Ticari Muamelelerde Mübahlık Asıldır
Yazı başlığımız birçok fıkhî kaide kitaplarında yer alarak ticaretle ilgili hükümlerde helallik ve mübahlık açısından temel dayanak olarak sunulmaktadır. Kaidemizi özetle açıklarsak deriz ki; Allah`u Teâlâ`nın alışveriş akitlerinin bütün çeşitleriyle ilgili hakkında haram olduğuna dair hüküm belirtmediği her türlü muamele mubahtır. Faiz, belirsizlik, ğarar, aldatmaca vb. sebeplerden dolayı haram olan diğer alışveriş çeşitlerine benzerlik göstermediği sürece örfteki yaygınlığı üzerine kalır.
İbadetle ilgili meselelerde asıl olan, hüküm konusunda mevcut olanlara yeni bir şey eklememektir. Yani Allah ve Resulü tarafından bizlere bildirilen farz ve nafile ibadetlerle, olduğu gibi yetinmek vaciptir. Aksi ise bidattir. Zira muamelelerde olduğu gibi ibadetle ilgili konularda da mübahlık söz konusu olamaz. Eğer öyle olsaydı her fert kendine göre bir ibadet şekli ortaya çıkaracaktı. İbnu Kayyîm ibadet ve muamelelerin bu konudaki farklılığını şu şekilde izah ediyor: İbadet Allah`ın hakkıdır. Ancak onun razı olacağı şekilde kabul görür. Allah (cc), Resulü vasıtasıyla ibadetlerle ilgili nasıl bir keyfiyet belirlemişse ona göre hareket etmek gerekir. Muamelelerde ise bu durum söz konusu değildir. (İ`lamul Muvakkiîn 3/107)

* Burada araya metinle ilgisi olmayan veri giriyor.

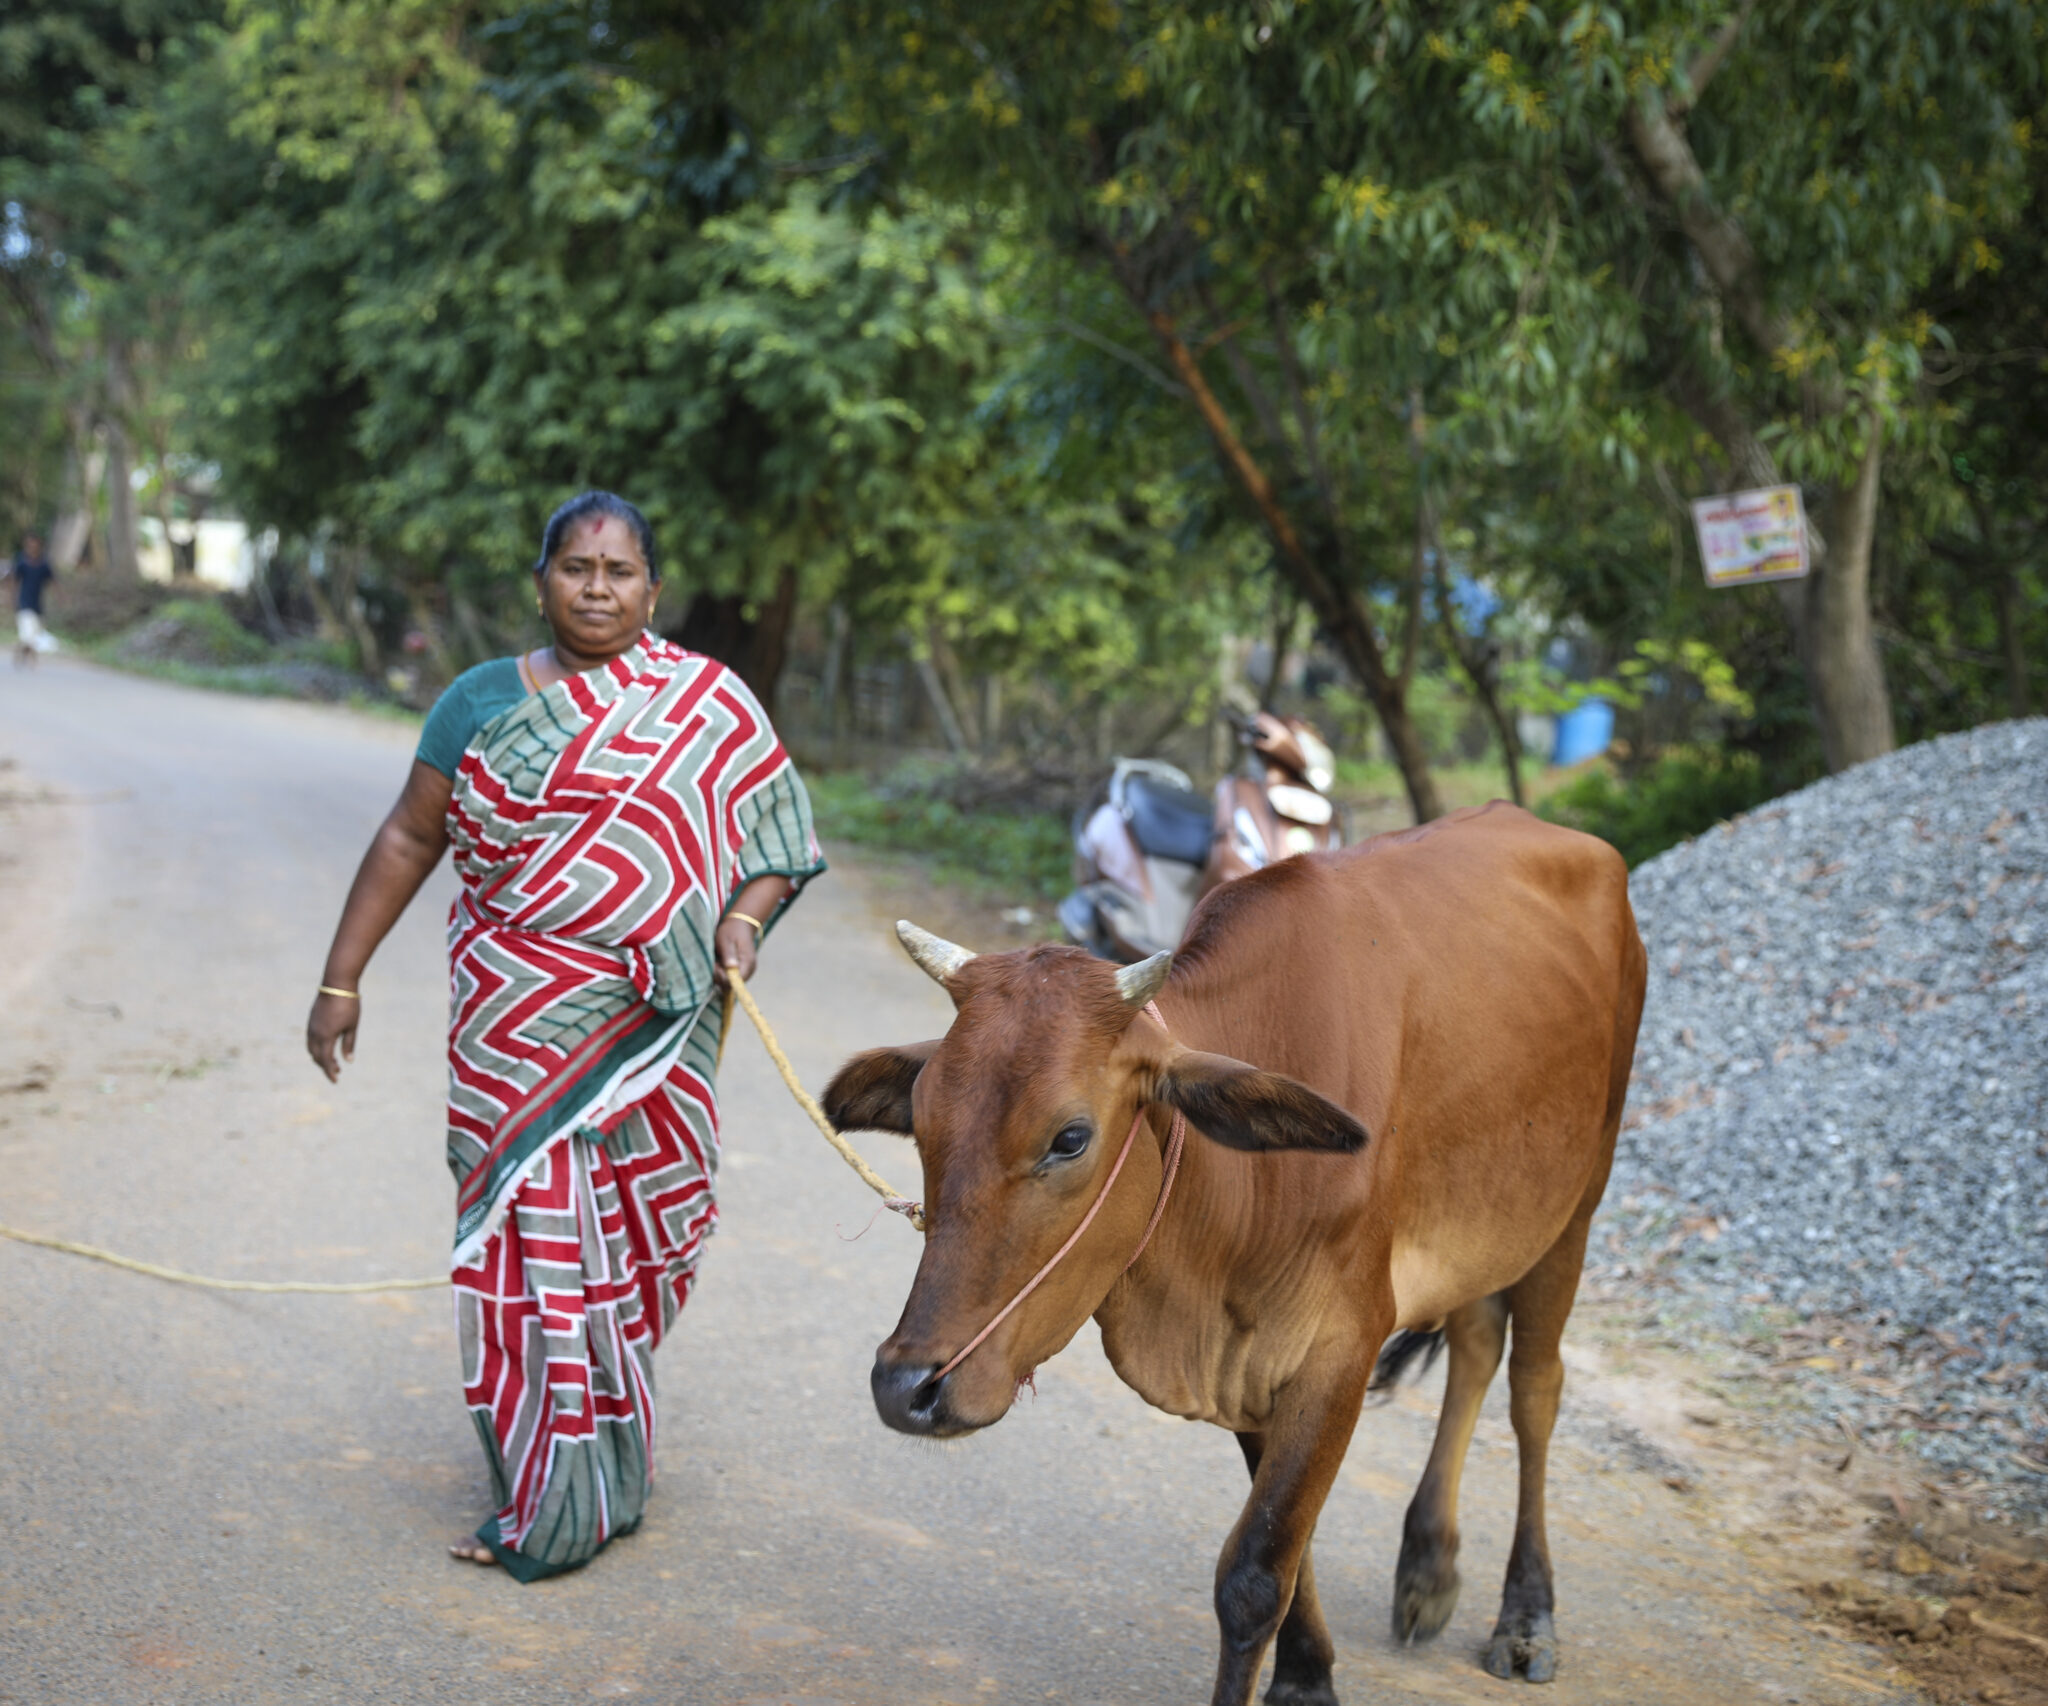 An Indian women is walking alongside with her cow

Allah (cc) yeryüzünü kullarına musahhar kılmış, helal ve haramları açıklamış, geriye kalanına ise bizlere olan rahmetinden dolayı sessiz kalmıştır. Ticaretle ilgili ölçüyü ise bizlere şu şekilde izah etmiştir: Ey iman edenler! Mallarınızı aranızda batıl yollarla yemeyin. Ancak karşılıklı rıza ile yapılan ticaretle olursa başka… (Nisa 29) Faiz hariç kullar arasında cereyan eden anlaşmazlıkların büyük çoğunluğu çeşitli sebeplerden dolayı aralarında rızanın olmayışına sebep olan meselelerden kaynaklanmaktadır. Zira faiz bazen taraflar arasında rızayla da olabiliyor. Öyleyse rıza varsa, şeriat da nehyiyle ilgili herhangi bir görüş beyan etmemişse söz konusu bu muamelenin helallik üzere kalması daha evladır. Allah (cc) yeryüzünü bütün nimetleriyle bizlerin emri altın vermişse, bizler de bu nimetlerden istifade etmeliyiz. Aksi; Allah`ın helal kıldığını haram, haram kıldığını ise helal kılmak demektir. Söz konusu bu durum müşriklerin, kendilerine helal kılındığı halde bazı hayvanları haram kılmalarıyla eşdeğerdir. “Kendi zanlarınca dediler ki: "Bu hayvanlar ve ekinler dokunulmazdır. Onları bizim dilediklerimiz dışında başkası yiyemez. (Şu) Hayvanların da sırtları haram kılınmıştır…" (En`am 13) Kuran`ı Kerim`de ana teması “Allah`ın helal kıldığını haram kılma” olan ayetler oldukça fazladır.
Muamelelerde asıl olan helallikken ilim eksikliğinden dolayı yapılan yanlış kıyaslar neticesinde helal olan bir takım ticari meselelere haram veya caiz değil şeklinde fetvalar vermek kullara yapılan en büyük zulümlerden biridir. Şüpheli şeylerden kaçınmak iyidir. Fakat şüphe ilim eksikliğinden dolayı kaynaklanıyorsa, bu şüphe değil cehalettir. Mana itibariyle sahih olan fakat sened bakımından sıhhatiyle ilgili farklı görüşlerin beyan edildiği “Fetva vermeye en cüretli olanınız, ateşe girmeye en cüretli olanınızdır. (Dârimî) hadisi bilgisiz bir şekilde bir şeyin helal olduğuna fetva verenler için değil aynı şekilde haram olduğuna dair fetva verenler için de geçerlidir.